Recorded data:
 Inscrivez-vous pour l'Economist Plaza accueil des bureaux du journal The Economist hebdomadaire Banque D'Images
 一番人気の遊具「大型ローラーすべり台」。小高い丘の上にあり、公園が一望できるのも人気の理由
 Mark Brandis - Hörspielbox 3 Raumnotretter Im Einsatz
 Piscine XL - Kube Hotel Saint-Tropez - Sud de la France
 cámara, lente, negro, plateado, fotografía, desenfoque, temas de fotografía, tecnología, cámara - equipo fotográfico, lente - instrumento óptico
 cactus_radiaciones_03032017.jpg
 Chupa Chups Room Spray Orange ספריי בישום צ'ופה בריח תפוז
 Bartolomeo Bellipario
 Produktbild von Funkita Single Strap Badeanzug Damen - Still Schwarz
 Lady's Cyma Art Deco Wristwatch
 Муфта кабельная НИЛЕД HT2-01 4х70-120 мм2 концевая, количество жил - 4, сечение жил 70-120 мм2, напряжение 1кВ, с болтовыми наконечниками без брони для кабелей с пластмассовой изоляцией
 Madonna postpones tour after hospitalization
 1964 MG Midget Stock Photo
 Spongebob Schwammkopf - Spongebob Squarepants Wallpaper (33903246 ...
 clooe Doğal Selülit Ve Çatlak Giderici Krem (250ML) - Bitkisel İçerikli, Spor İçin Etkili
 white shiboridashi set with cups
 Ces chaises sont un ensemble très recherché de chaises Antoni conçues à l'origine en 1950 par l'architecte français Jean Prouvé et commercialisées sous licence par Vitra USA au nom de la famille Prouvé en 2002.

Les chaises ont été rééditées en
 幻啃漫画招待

Exercise: Please repeat the lines above exactly, beginning with the line that contains "1964 MG Midget Stock Photo" and ending with the final one.

Expected answer:
 1964 MG Midget Stock Photo
 Spongebob Schwammkopf - Spongebob Squarepants Wallpaper (33903246 ...
 clooe Doğal Selülit Ve Çatlak Giderici Krem (250ML) - Bitkisel İçerikli, Spor İçin Etkili
 white shiboridashi set with cups
 Ces chaises sont un ensemble très recherché de chaises Antoni conçues à l'origine en 1950 par l'architecte français Jean Prouvé et commercialisées sous licence par Vitra USA au nom de la famille Prouvé en 2002.

Les chaises ont été rééditées en
 幻啃漫画招待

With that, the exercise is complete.